Touring Shakespeare's Globe
In late June of 2013, I stumbled out of the Globe Theatre in a blissful haze, as if I were myself awakening from a pleasant dream in the woods beyond Athens and slowly regaining my feet. Dominic Dromgoole’s production of A Midsummer Night’s Dream, or rather, the experience of it, became a treasured memory that would be summoned by leisurely walks along the Thames in crisp air - the spring of 2014 and the summer of 2016. The revival of that wistful ecstasy inaugurated this ongoing year of postgraduate studies in London, when on a whim, I bought a cheap standing ticket for Boudica from a man whose friend had cancelled last minute.
Now, it blooms again.
Cabin fever had settled in after a few dull days spent indoors, so I joined a pair of friends on a trip to the Globe Theatre Exhibition & Tour. A gauntlet of timelines, narratives and artefacts, the Exhibition alone could absorb a few hours – cornets, crumhorns and tabor pipes, Marion Cotillard’s woven coronation dress from Justin Kurzel’s 2015 film adaptation of Macbeth. The legacy of the Chamberlain’s Men (the Company to which Shakespeare belonged) is palpable, but so are the shifts in how their work has been treated.

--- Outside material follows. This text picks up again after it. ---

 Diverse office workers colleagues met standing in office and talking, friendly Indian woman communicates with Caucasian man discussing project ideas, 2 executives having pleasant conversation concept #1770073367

For too many today, Shakespeare is a remnant of their high school syllabus, forced and inaccessible, that left them feeling guilty and un-cultured if they didn’t enjoy it. Reading Shakespeare may seem like a chore, because he wrote for performance. This is the note on which our marvelous guide, Mark, begins the tour. He paints the scene: a London eager for new theatrical work after the Queen’s recent ban on religious content, work that would reflect the landscape of their lives – love, death, dreams, ambitions. He speaks of the unregulated Liberty of the Clink, south of the River Thames, where brothels, cock-fights, bear-baiting rings and theatres had their place. The Chamberlain’s Men relocated here in 1599, 230 meters from the Globe’s current site. Every sinew of the theatre’s construction, like the words of the plays written for it, were designed for its site, its time, its audience, its efficiency as a place of performance.

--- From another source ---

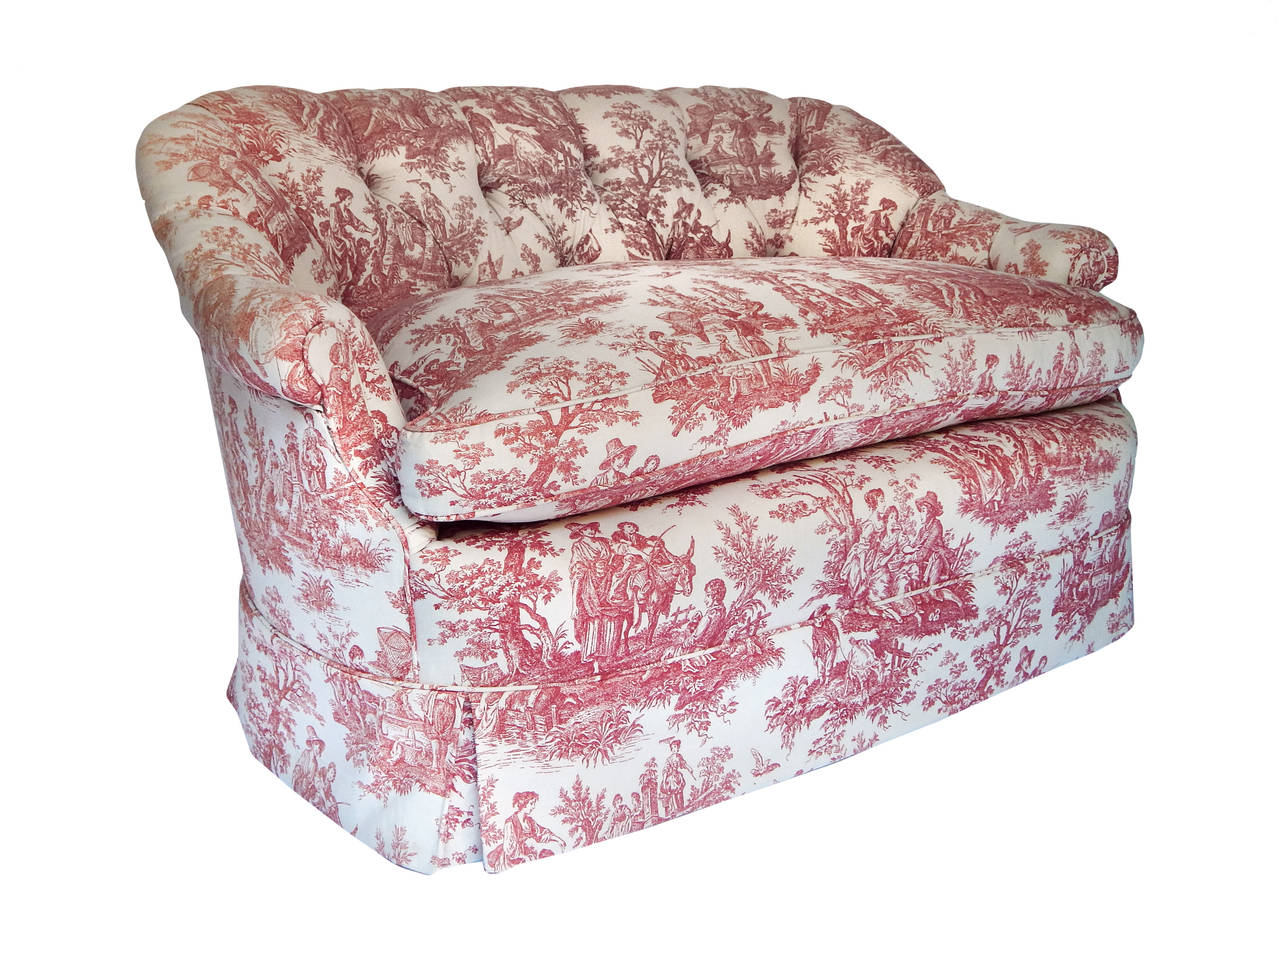 Pair of Tufted Toile Loveseats 2

Typically at theatres today, we sit in the dark gazing voyeuristically through an invisible fourth wall, the actors on stage pretend we are not there, as if they existed within a contained alternate reality. The Chamberlain’s Men performed in daylight, the open ceiling of the theatre allowing the early afternoon sun to beam in unhindered (except of course, by England’s persistent clouds) – they could not avoid their audience of groundlings, the “baying mob” who surely expressed their every response to the action. Shakespeare wrote to the Globe’s audience – soliloquies and asides, direct addresses to the viewers. He allowed their imaginations to “piece out [his] imperfections with [their] thoughts” (Shakespeare, Henry V) by describing location and background to compensate for the minimalism of the stage – a thrust design with three playing levels of heaven, earth and hell, and a virtually bare set (the Company performed a different play every night). Like a maestro he conducted their emotions through beats and phrasing – surge and pacify, surge and pacify.
Mark takes us to the upper gallery just as the actors for Michael Oakley’s Much Ado About Nothing mount the stage to rehearse for that day’s performance. I think about the thrill they must feel on it, a replica, but close enough to the original (and trodden by many a great in its own right) that it must feel sacred. I think about that vulnerable stare into the pit, the electricity of catching someone’s eye and sharing a moment of understanding and relationship, albeit without the sensory overload of smell and vocalization that Shakespeare’s actors must have played with.
A wistful ecstasy indeed. There’s a reason the Greeks gave this one to Dionysus.